Brave or stupid? There are lots and lots of cat toys that cost far, far, less than $2,000.


----------



## fryke (Jul 11, 2006)

Yeah, but they ain't that stylish and most don't come with a remote.


----------



## adambyte (Jul 11, 2006)

Satcomer said:


> I especially liked the point (near the end of the video) when the kitten starts biting the power cord. Can you say one dead cat.

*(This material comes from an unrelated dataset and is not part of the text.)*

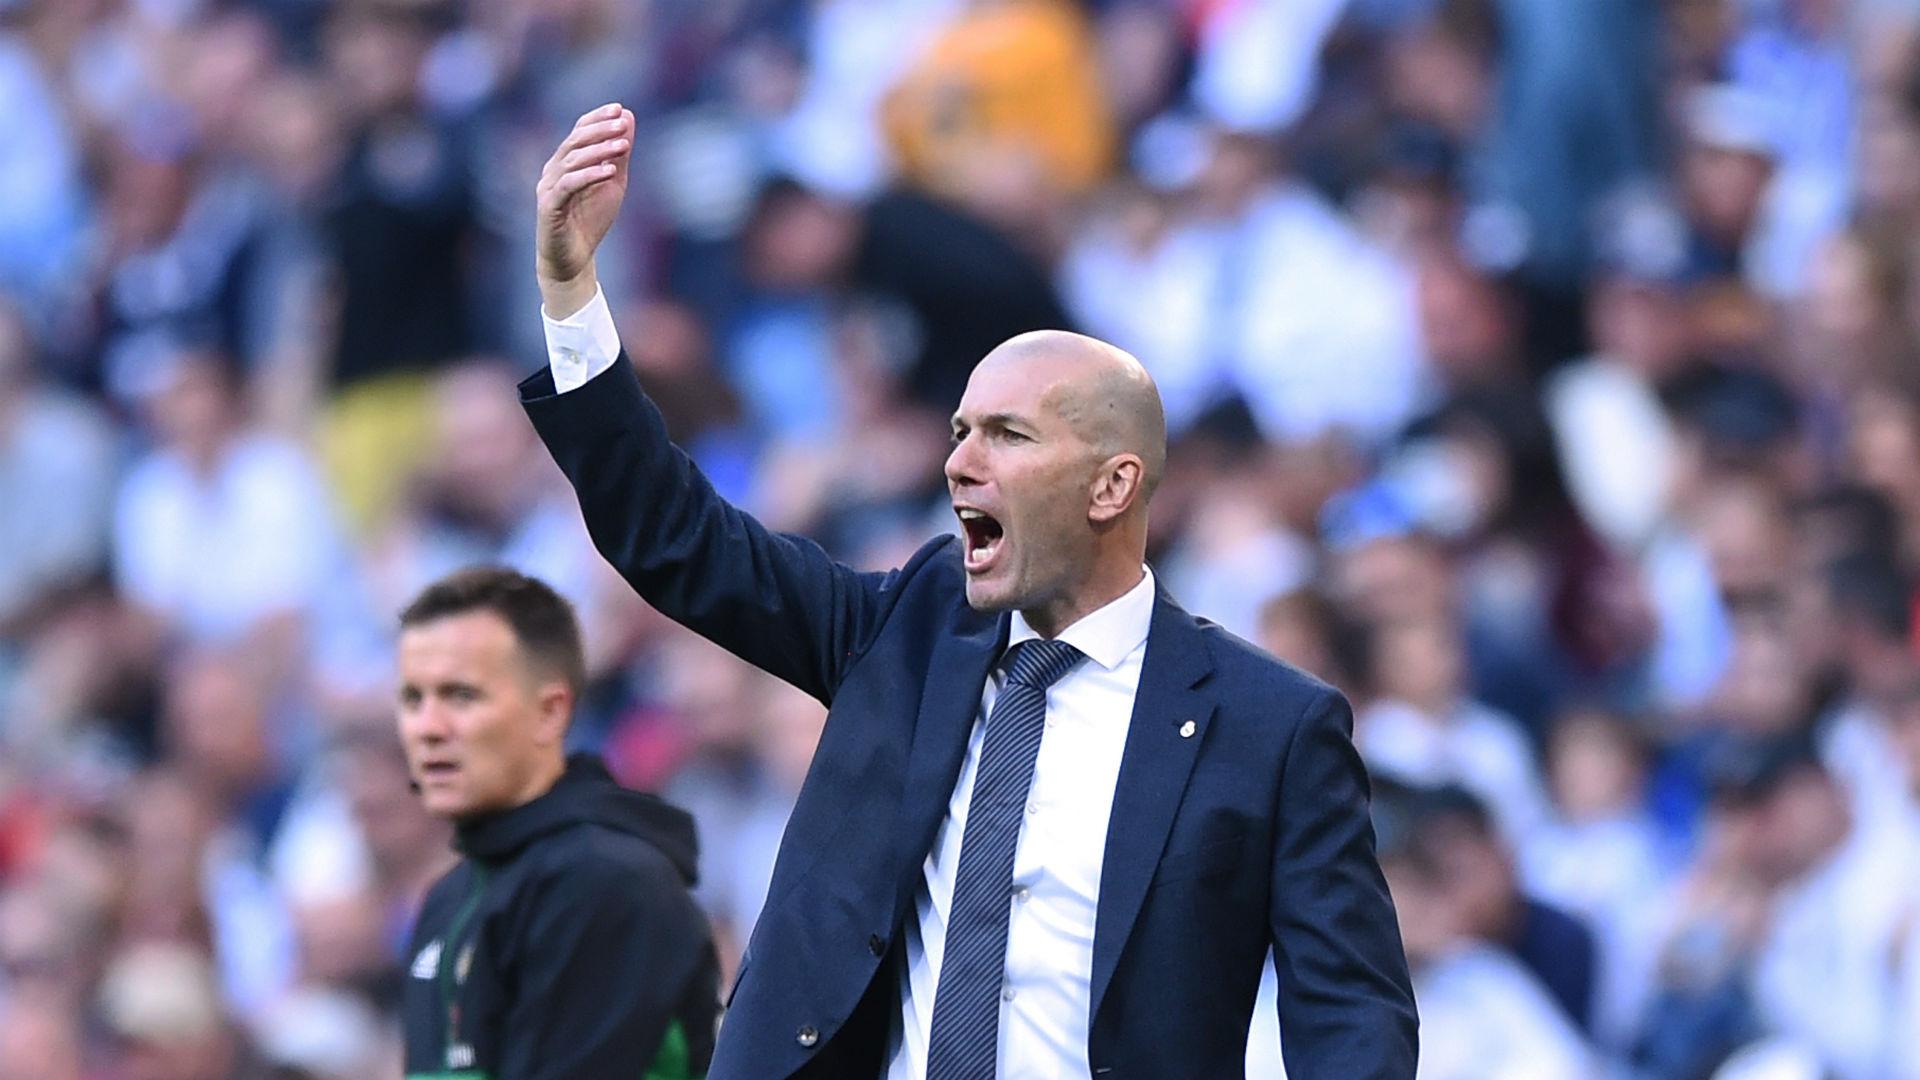 Casillas thrilled by Zidane's Real Madrid return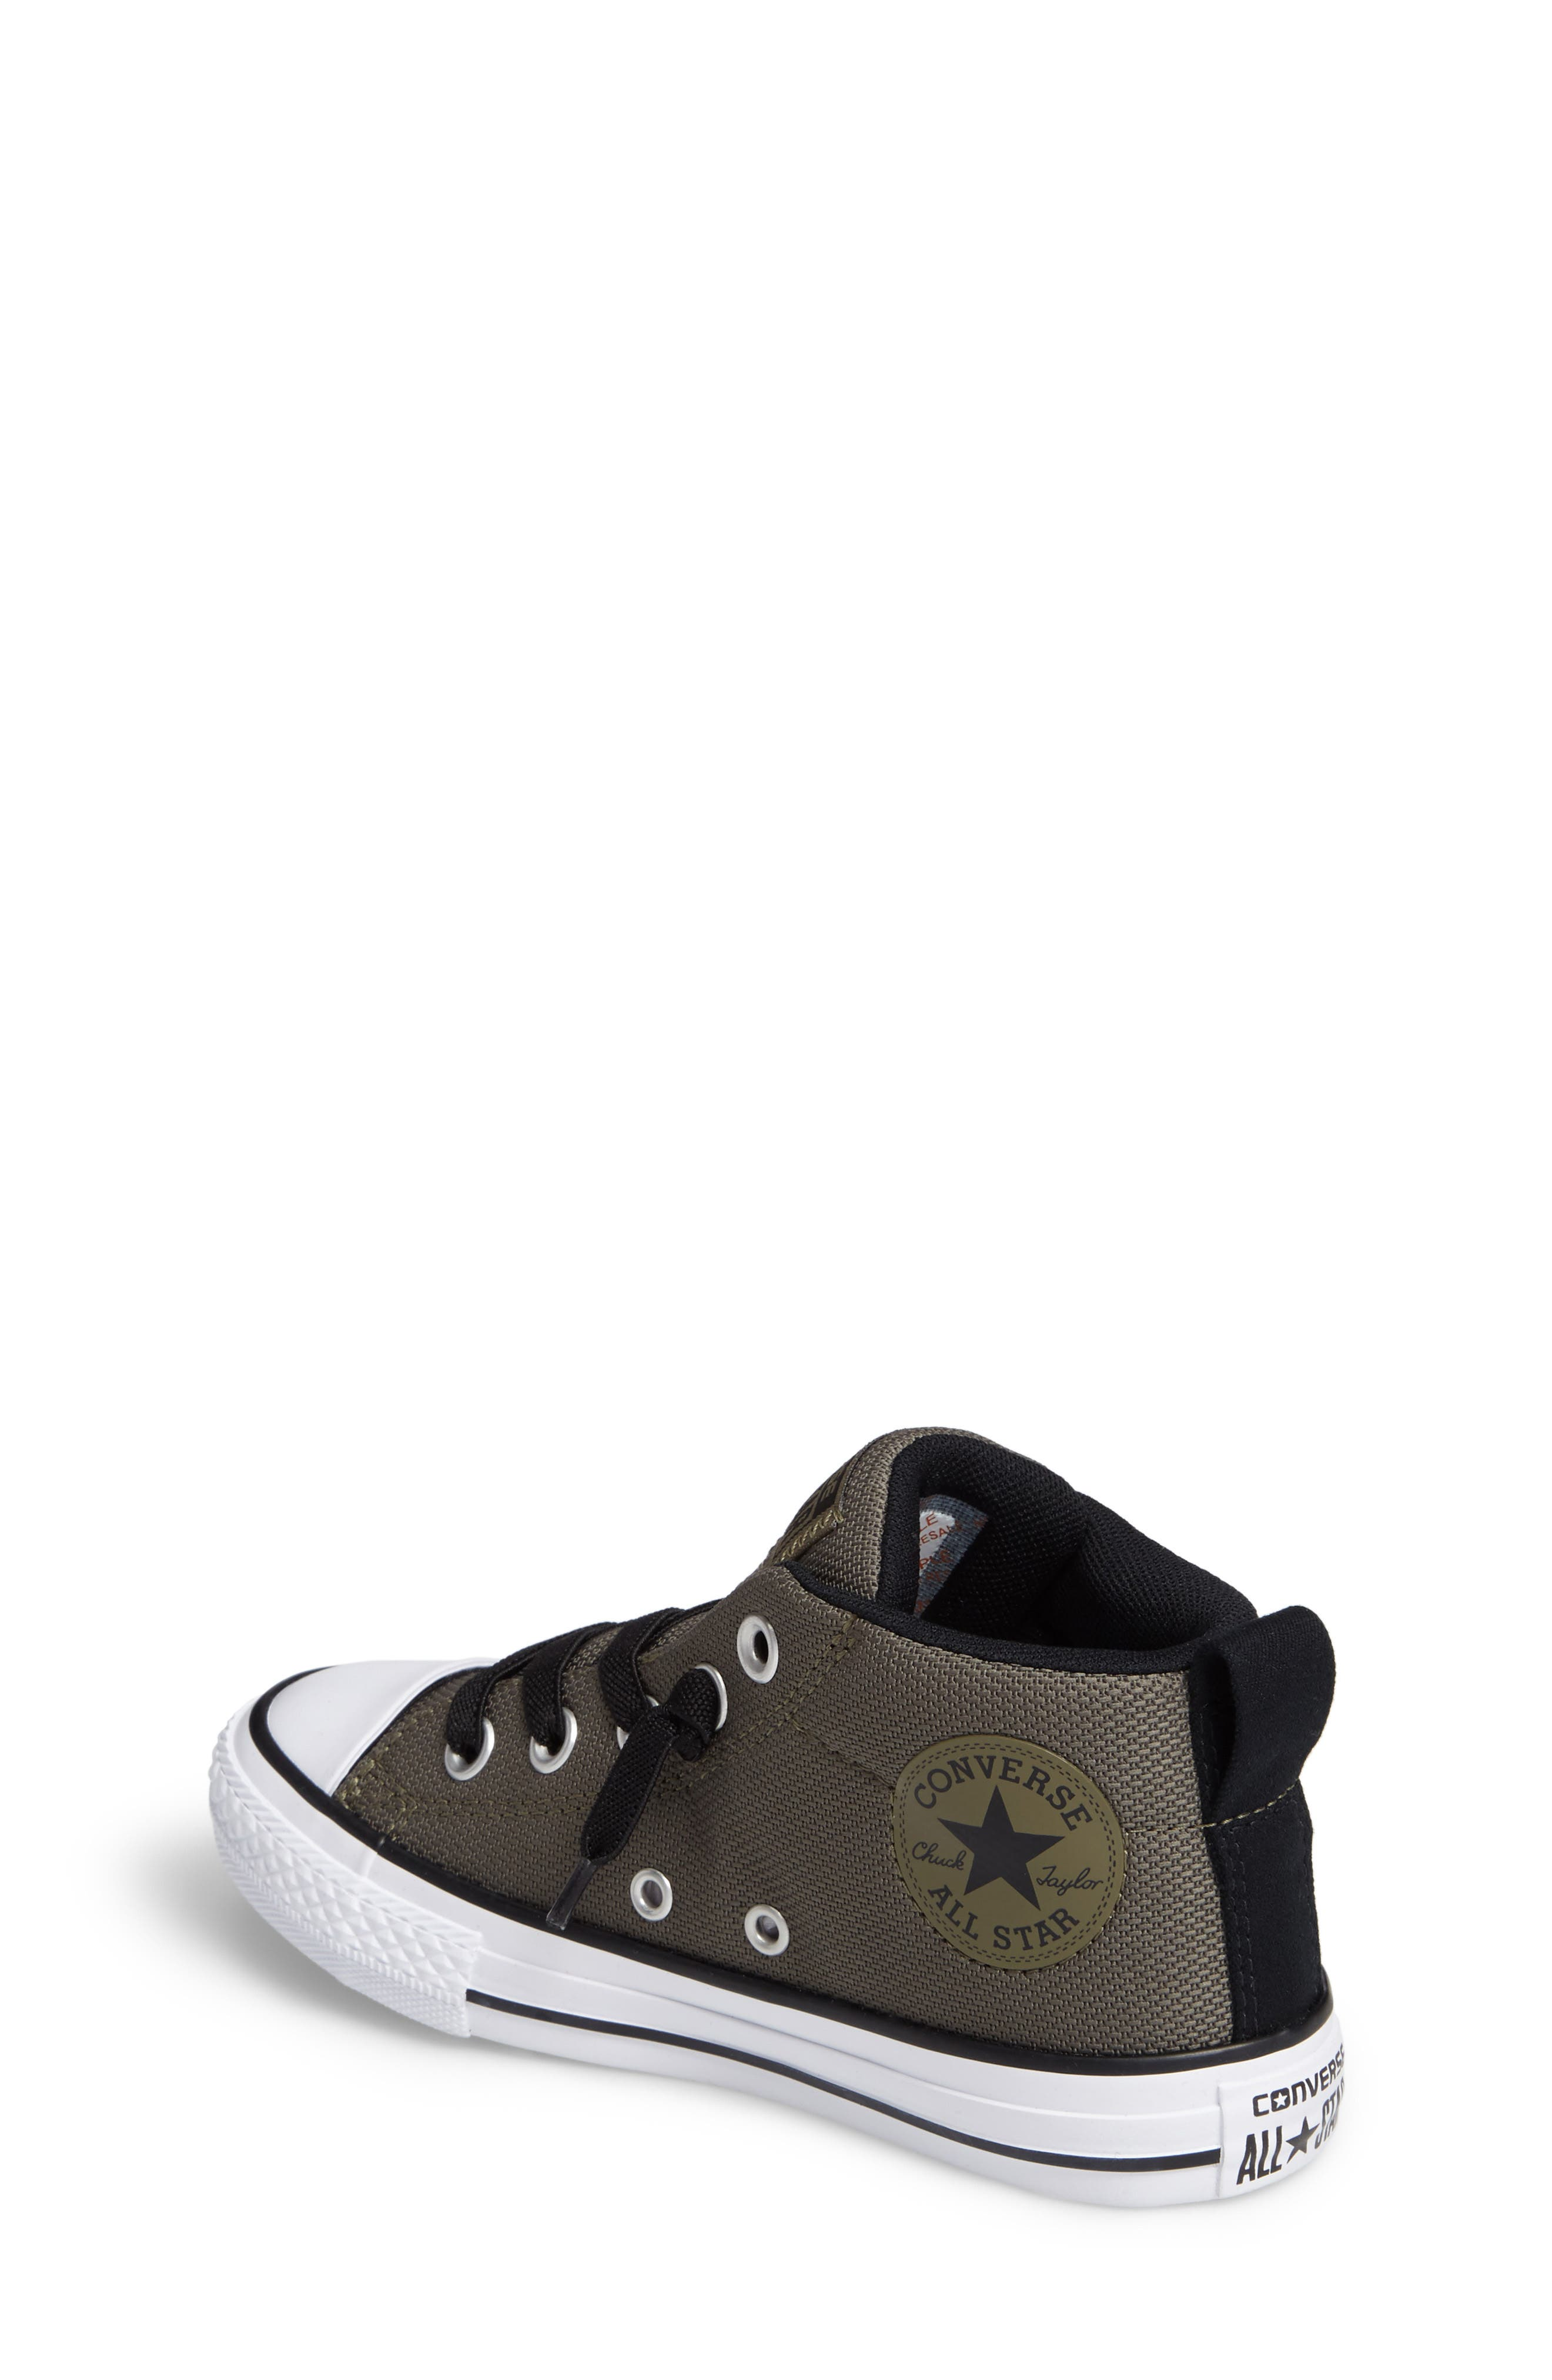 Alternate Image 2  - Converse Chuck Taylor® All Star® Basket Weave Street Mid Sneaker (Toddler, Little Kid & Big Kid)

Our cat used to chew on power wires until he got a little shock. We think he did it for the little "buzz" it provided. He lived to a very ripe old age despite his weird addiction to electricity.


----------



## sinclair_tm (Jul 11, 2006)

we used to have a kitten that would bite the small christmas light bulbs on our tree.  we had to not put light around the bottom half of the tree to keep him from doing it.  we were sick of trying to get broken glass out of the carpet.


----------



## HateEternal (Jul 11, 2006)

The best part about this post  is that instead of everyone going "Awww isn't that cute!" They all went "Ohhhhhhhhhhhhh! That poor Mac!!" Which is the same reaction I had, even though it was pretty cute.


----------



## fryke (Jul 12, 2006)

Don't underestimate some people. At least my ex-girlfriend thought the kitten was cute and didn't care much about the 'book.


----------



## Mobius Rex (Jul 12, 2006)

----------------------------------------------------------------------------------------------


----------



## Mobius Rex (Jul 13, 2006)

----------------------------------------------------------------------------------
Delete please


----------



## Mobius Rex (Jul 13, 2006)

Sorry. Please delete.


----------



## symphonix (Jul 14, 2006)

When our dog was a puppy she bit through both the power and video-out cables on my iBook, costing me quite a bit in replacement.


----------



## RGrphc2 (Jul 15, 2006)

the kitten was declawed, you can tell by no marks being left on the screen.  My cat did stuff like that when he was a kitten chasing my mouse cursor around on my desktop


----------



## Mikuro (Jul 15, 2006)

RGrphc2 said:


> the kitten was declawed


 I always forget about that possibility. *grumble* Evil humans...

I'm proud to have scratch marks all up my arm, thankyouverymuch!


----------